Sheila is an international marketing specialist with particular experience in the market research software marketplace. She has worked for over ten years in high-tech multinational organizations – including SPSS, Toshiba and Xerox. Sheila has been a meaning associate since 2003.

Just before the end of last year, I decided to join one of the online panels to get a better understanding of their workings. I have to say that the whole experience has left me open-mouthed in shock.  In the short period since I have been a member, I have encountered error after error as well as, frankly, poor questionnaire design and basic scripting errors.

Typical errors I have experienced are:

  • Emails in various foreign languages inviting me to participate in surveys
  • Numerous broken links in emails
  • Requests to enter passwords that I don’t have
  • Another time, I clicked the link and got a message saying ‘this survey has not started yet’. I went back later and clicked the link and got a message saying that I had completed.

For those few surveys where I have not been screened out, I have encountered numerous impossible lines of questioning. There never seems to be a way of skipping a question, so your only options are to just click anything (to make sure you get your payment for completion) or to give up.  Some questionnaires allow you to make a comment at the end, so you can at least explain that you were forced to give an opinion on the personalities of different washing up liquid brands, even though you have no opinion on the matter because you regard washing up liquid as a commodity and just buy the cheapest, irrespective of its name, color, perfume etc.

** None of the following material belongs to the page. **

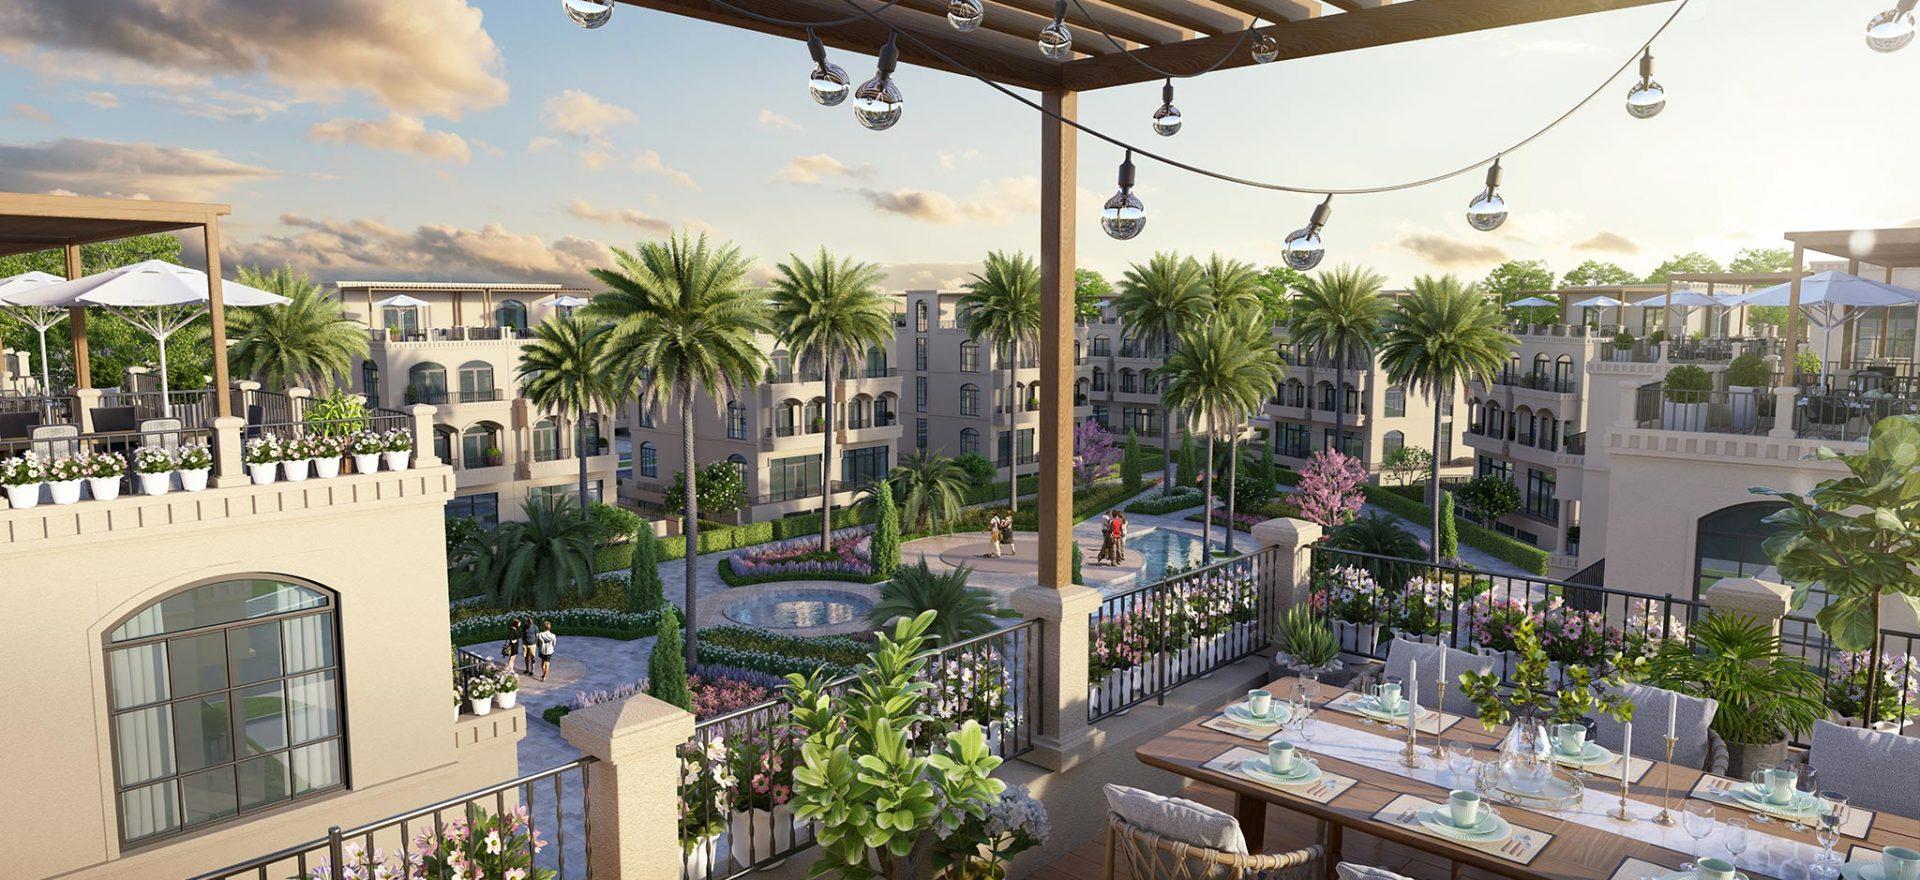 Palm 3 - Khu khuôn viên xanh mát

In another survey, which was about radio stations, I was presented with a list of radio stations and asked which one I had most recently listened to. I picked a talk and news station. From then on, I was asked endless, detailed, non-applicable questions such as whether the presenters interrupted the music or how fun the competitions were.

And perhaps, even worse, I have recently seen a question which asked me which of a list of brands I had  bought. The one I had bought was not on the list and there was no ‘other’ option! Again, I was forced to select an incorrect answer or give up.

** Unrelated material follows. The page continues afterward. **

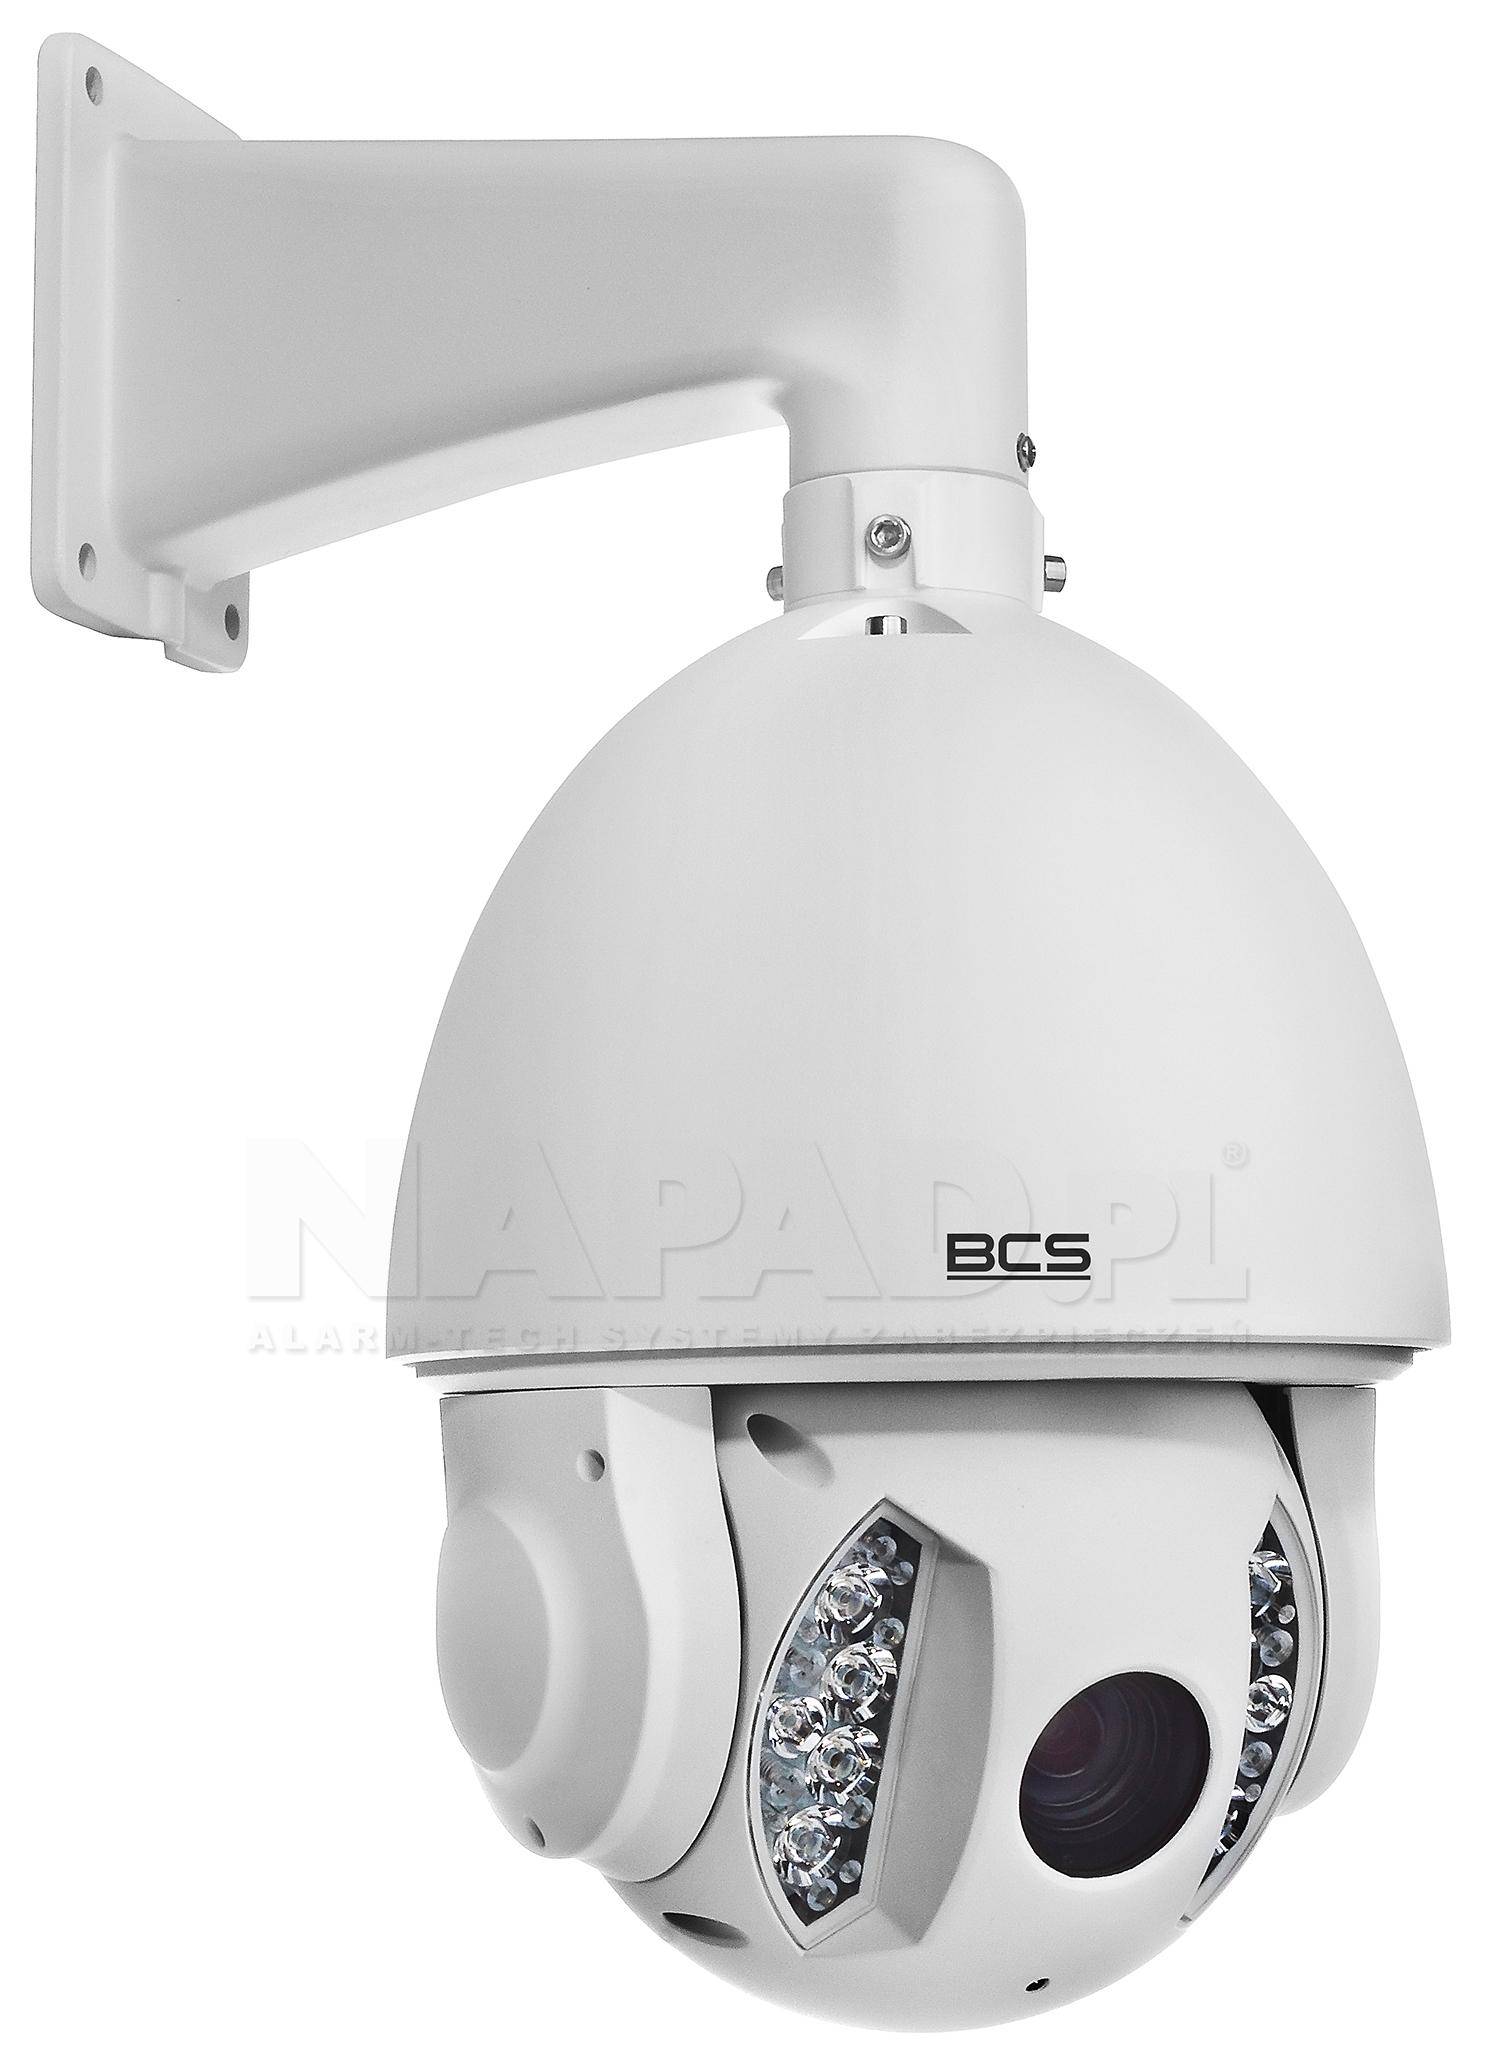 Kamera HD-CVI 2Mpx BCS-SDHC8230

I did think that perhaps I was just biting into the one bruised apple of the basket, but coincidentally, I spent New Year’s Eve with a friend who is managing a new panel.  She has worked with numerous panel suppliers and was not in the least bit surprised by my tale of woe.

Having had this discussion with my friend, I was wondering whether market researchers are accepting unrealistic deadlines. Clients know that with the technology we now have, it is possible to script a project and complete the fieldwork online in a matter of hours. But perhaps they don’t know about the amount of thought, effort and creativity that is required for decent questionnaire design and in particular thorough quality control. There’s no point in conducting a survey if the questions are impossible to answer honestly and accurately. Presumably, some important business decisions are based on some rather dubious survey results.